Two brown bears hunt on Russia’s Kamchatka Peninsula.
(Image: © Shutterstock)
A mother bear and her cub were shot and killed while trying to board a nuclear submarine in Russia, according to news reports.
The sub was docked near the village of Rybachiy in Russia’s far-eastern Kamchatka Peninsula, which has served as a submarine construction base since the 1960s. In a video shared on social media on Nov. 8, crewmembers aboard the sub watch as the two bears swim up from the adjacent bay and climb aboard the vessel’s deck.
According to the Moscow Times, naval personnel called a local hunting instructor to dispatch the bears with a “specialized hunting weapon.” In an unedited version of the video, a shotgun blast rings out before the bear cub falls from the sub’s deck and into the bay.

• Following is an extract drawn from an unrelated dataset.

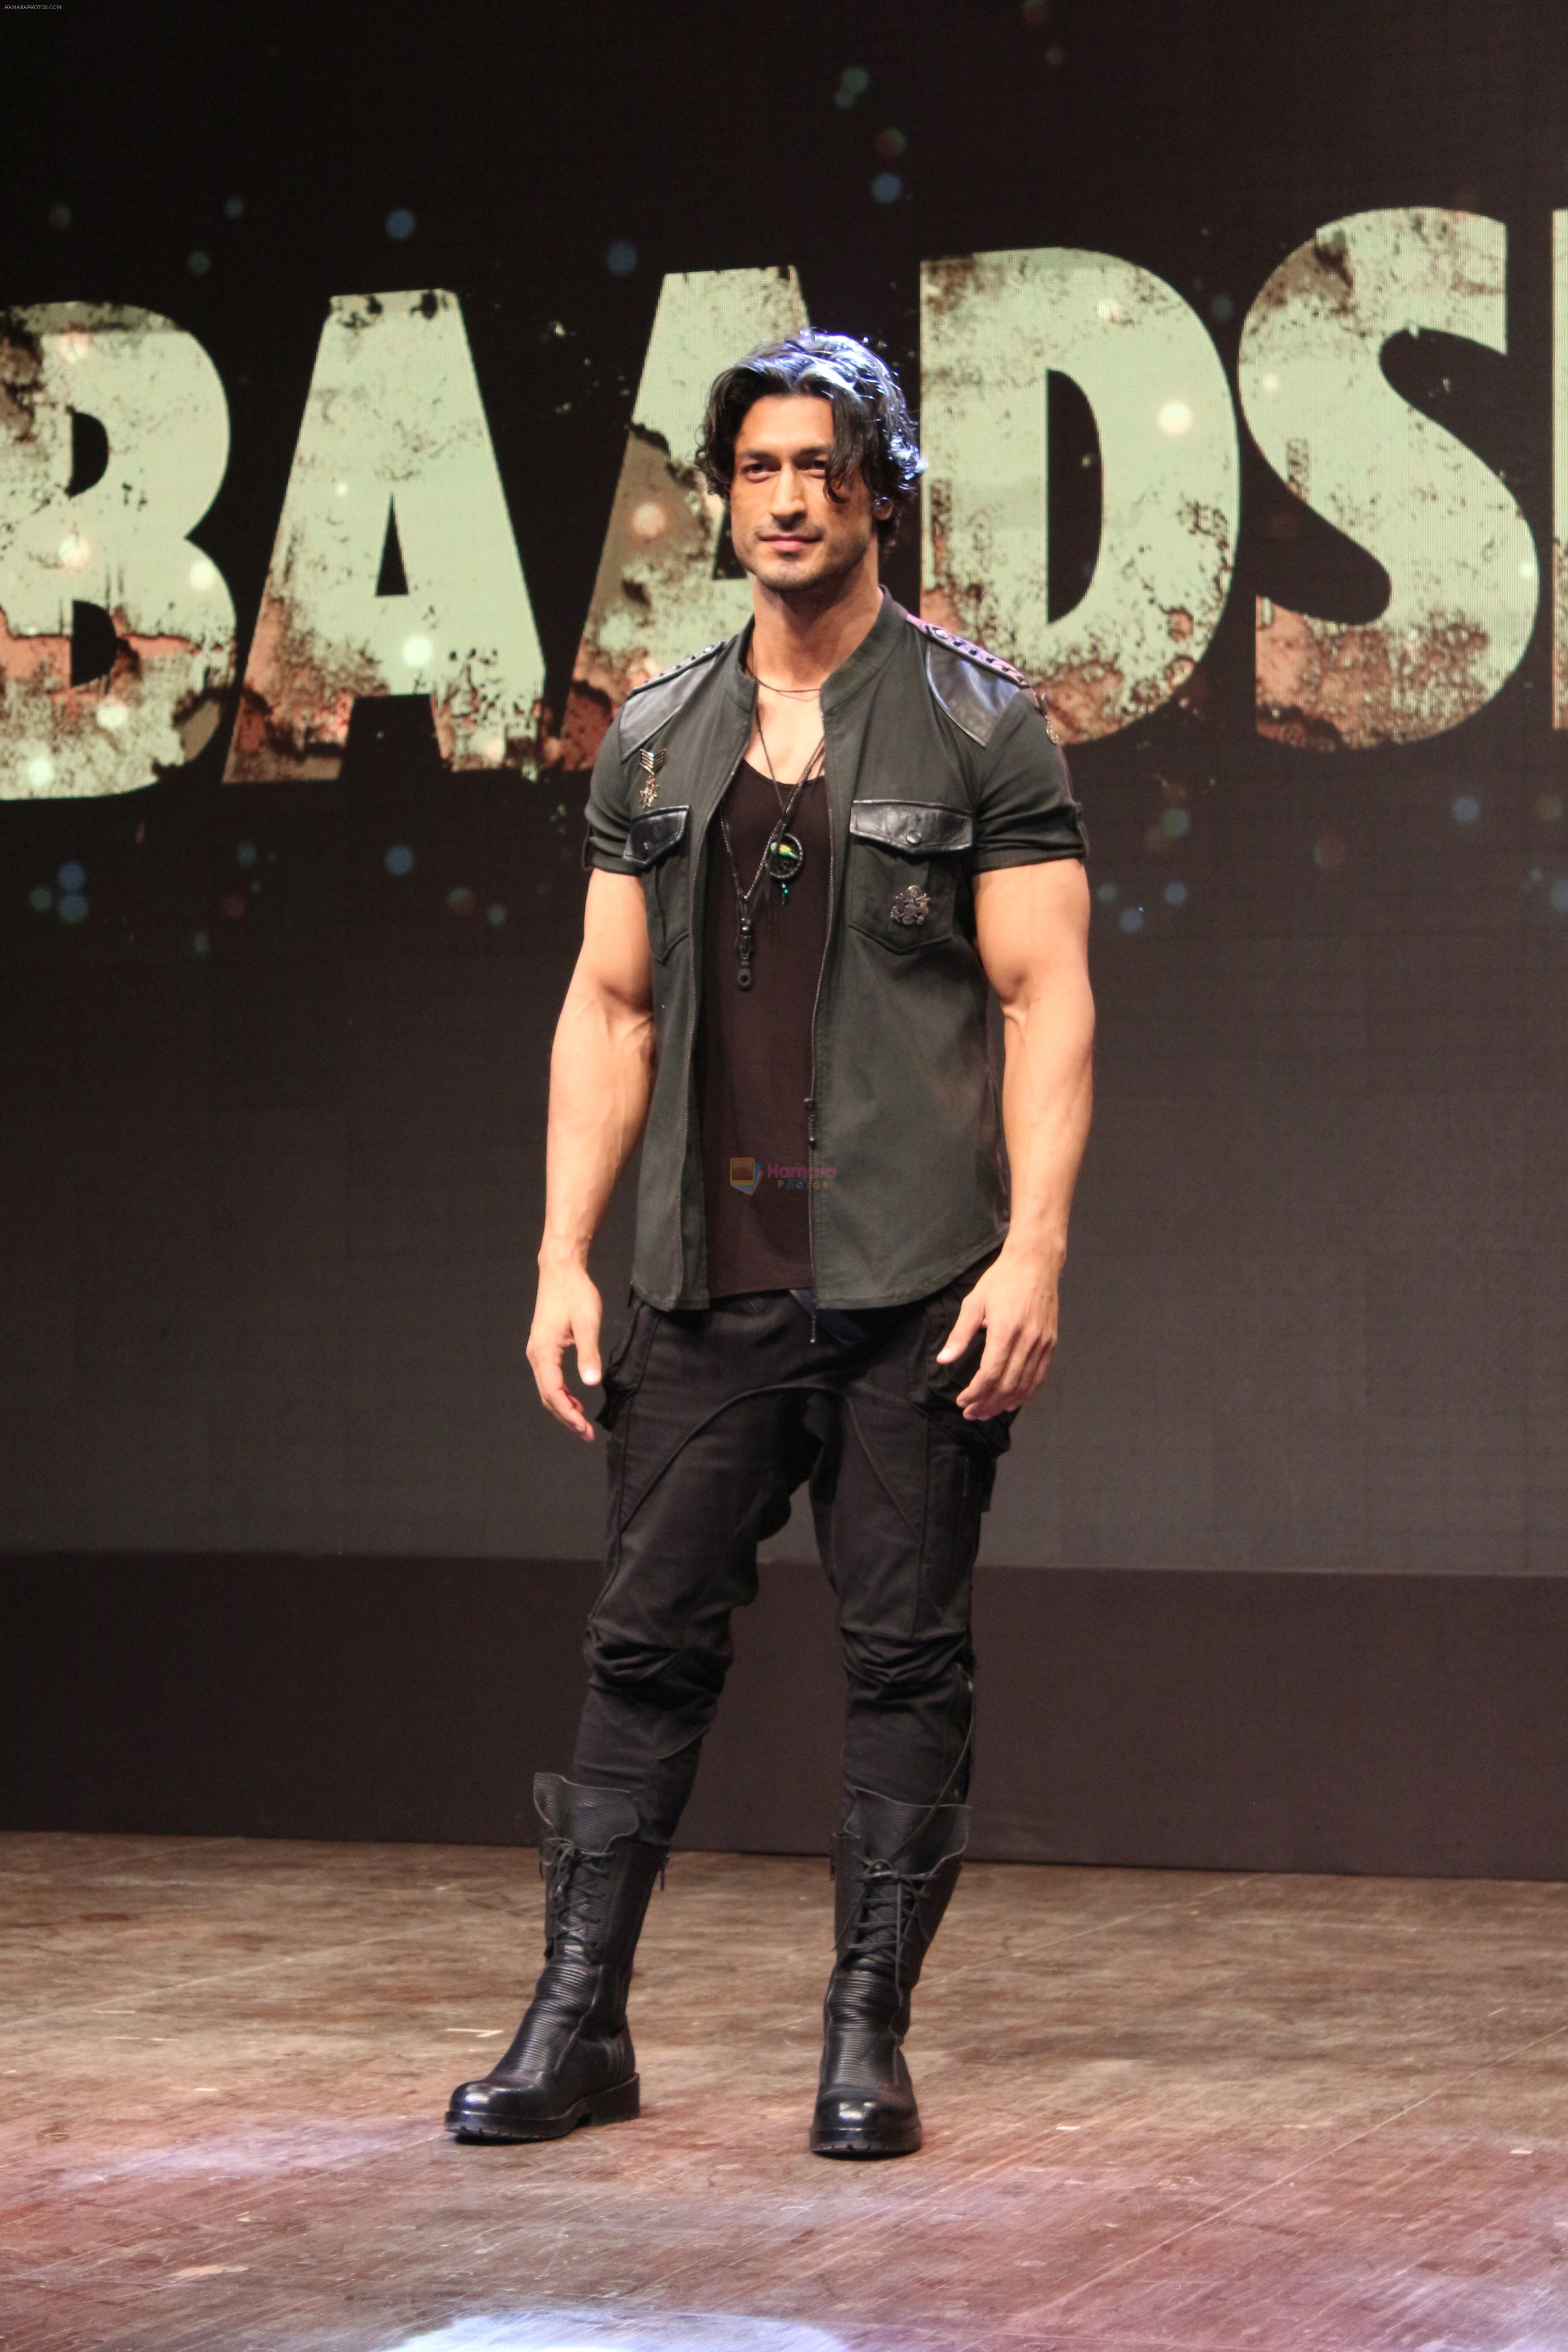 Vidyut Jammwal at The Trailer Launch Of Baadshaho on 7th Aug 2017-1

Why the bears were heart-set on becoming submariners is anyone’s guess, but the Russian military has already been barraged with social media scrutiny for killing the creatures, seemingly without cause. A spokesperson from the Russian Navy’s Pacific Fleet told the Russian news agency Interfax that the bears had been seen several times in recent days, and posed a threat to villagers.

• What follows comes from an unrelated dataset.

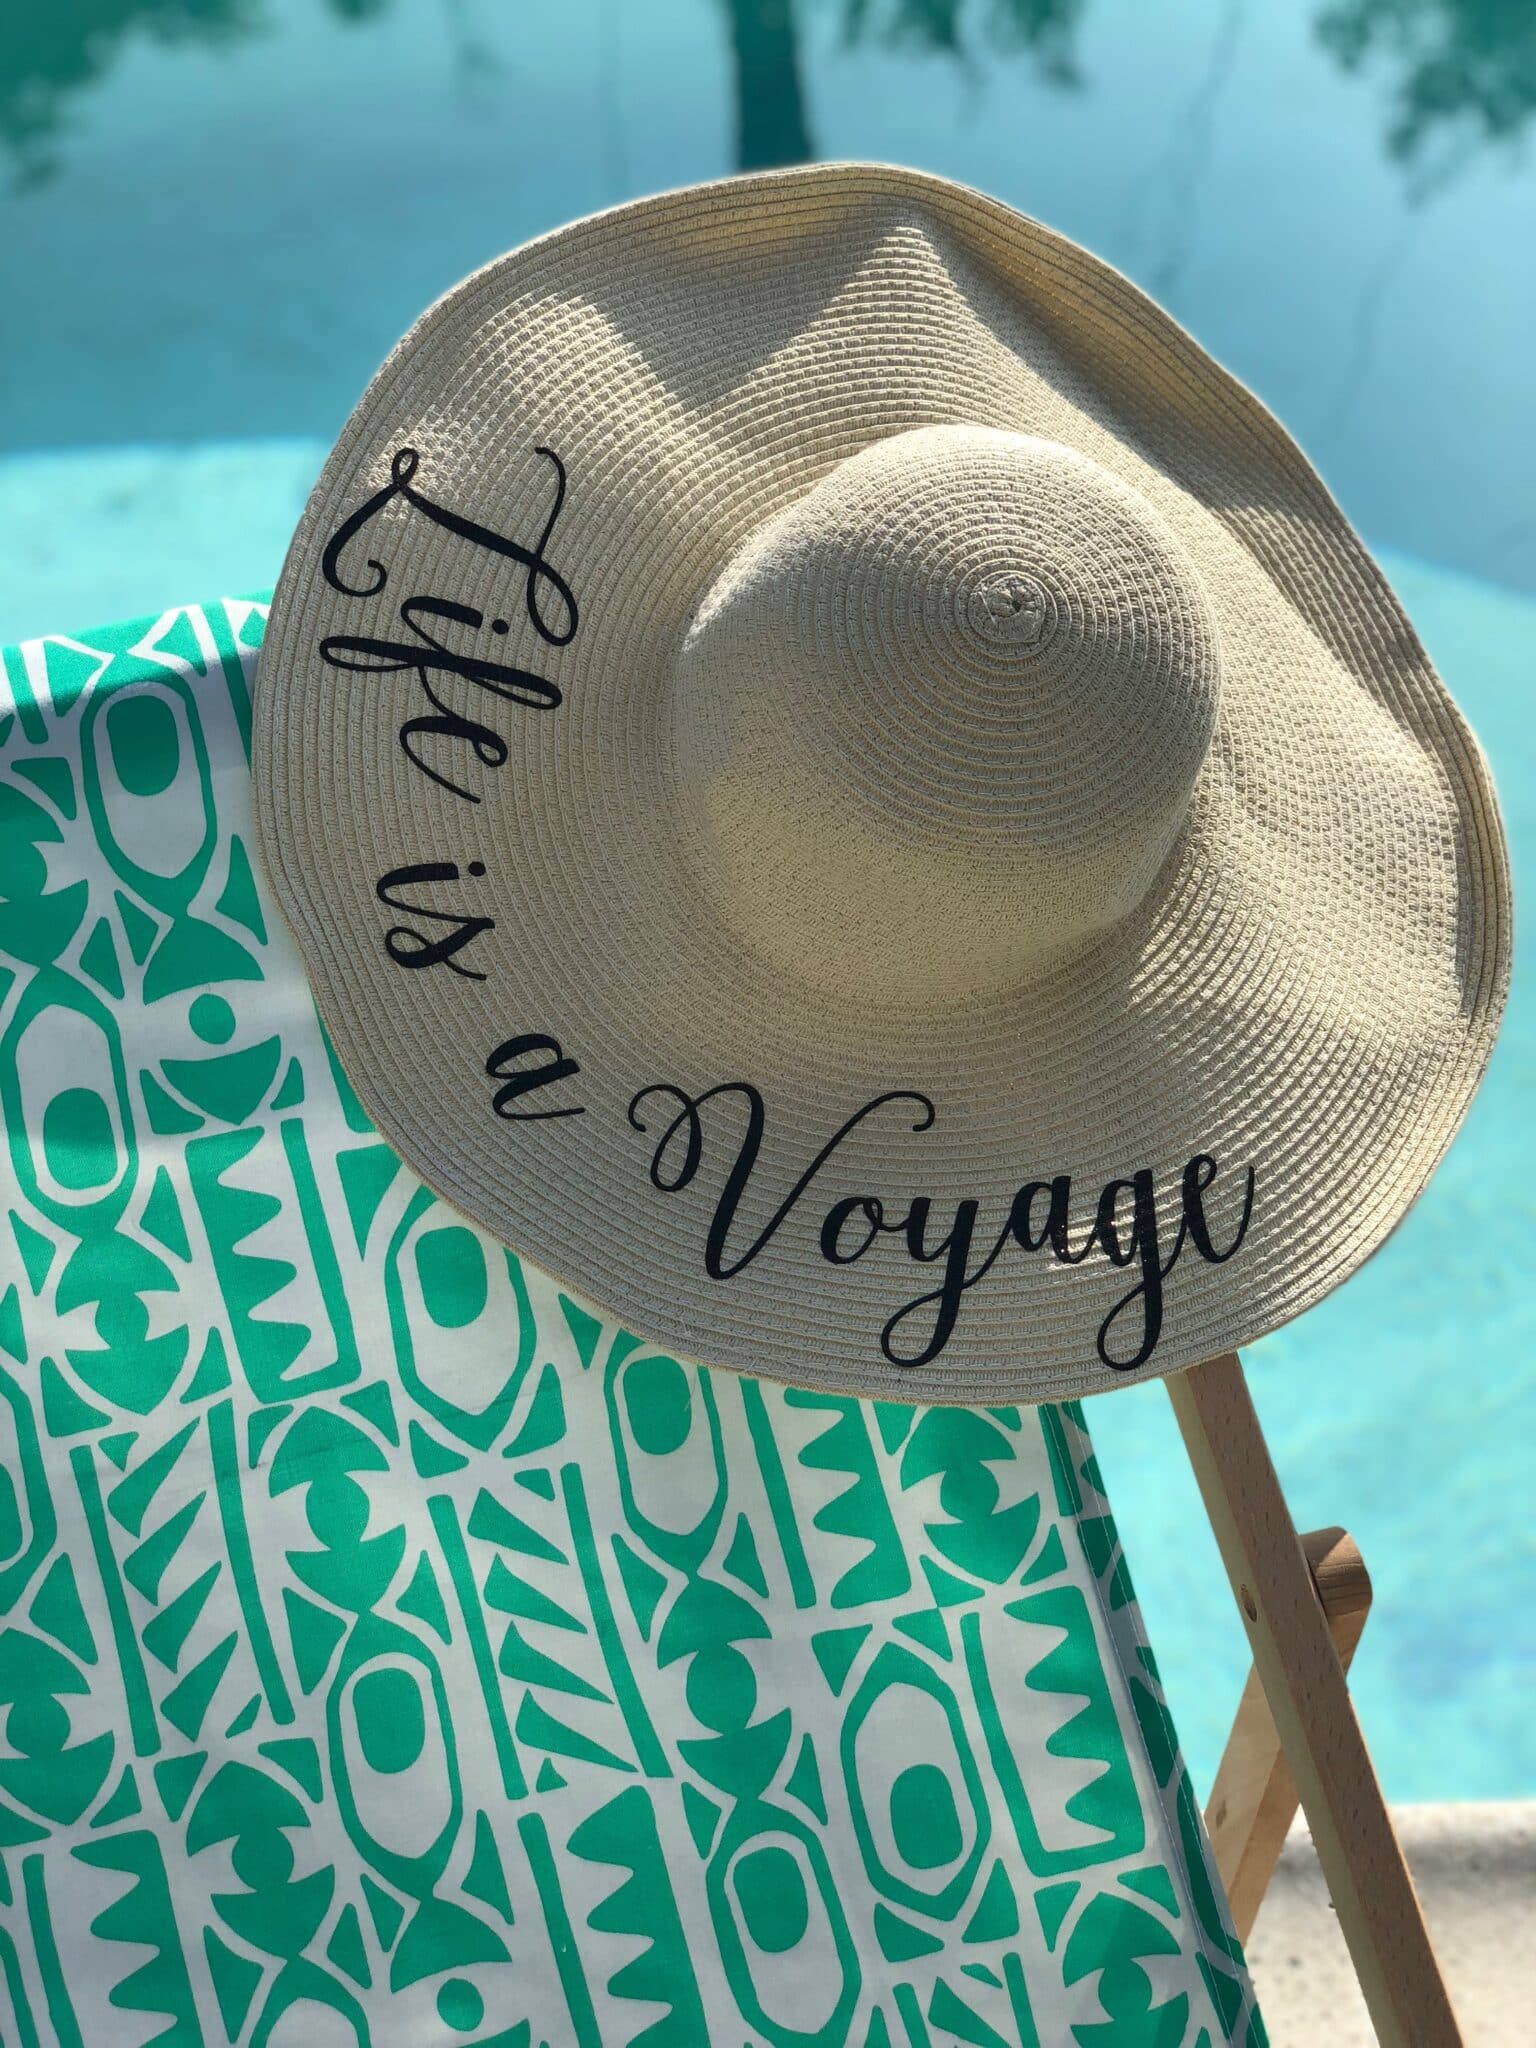 healthy voyager "life is a voyage" sunhat

One crewmember who can be heard speaking in the video echoes this sentiment. “There’s no other way,” he says, according to the Moscow Times (which translated the clip from Russian). “If you chase it out, it’ll wander into the villages. That’s how you fight bears in Kamchatka.”

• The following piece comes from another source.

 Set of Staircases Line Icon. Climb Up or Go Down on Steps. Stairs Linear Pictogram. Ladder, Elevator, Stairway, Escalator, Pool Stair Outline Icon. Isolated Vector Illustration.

An estimated 24,000 wild bears inhabit the Kamchatka Peninsula, according to BBC News. If the mother and cub were searching for food, as the Russian Navy spokesperson suggested, then they are hardly the first of their kind to venture into human territory in search of sustenance. In February 2019, more than 50 polar bears invaded a town in the Russian Arctic when thinning sea ice forced them away from their regular hunting grounds, Live Science previously reported. Climate change has caused the Arctic to warm twice as fast as the rest of the world, resulting in huge declines in sea ice every year, according to a December 2018 report released by the National Oceanographic and Atmospheric Administration (NOAA).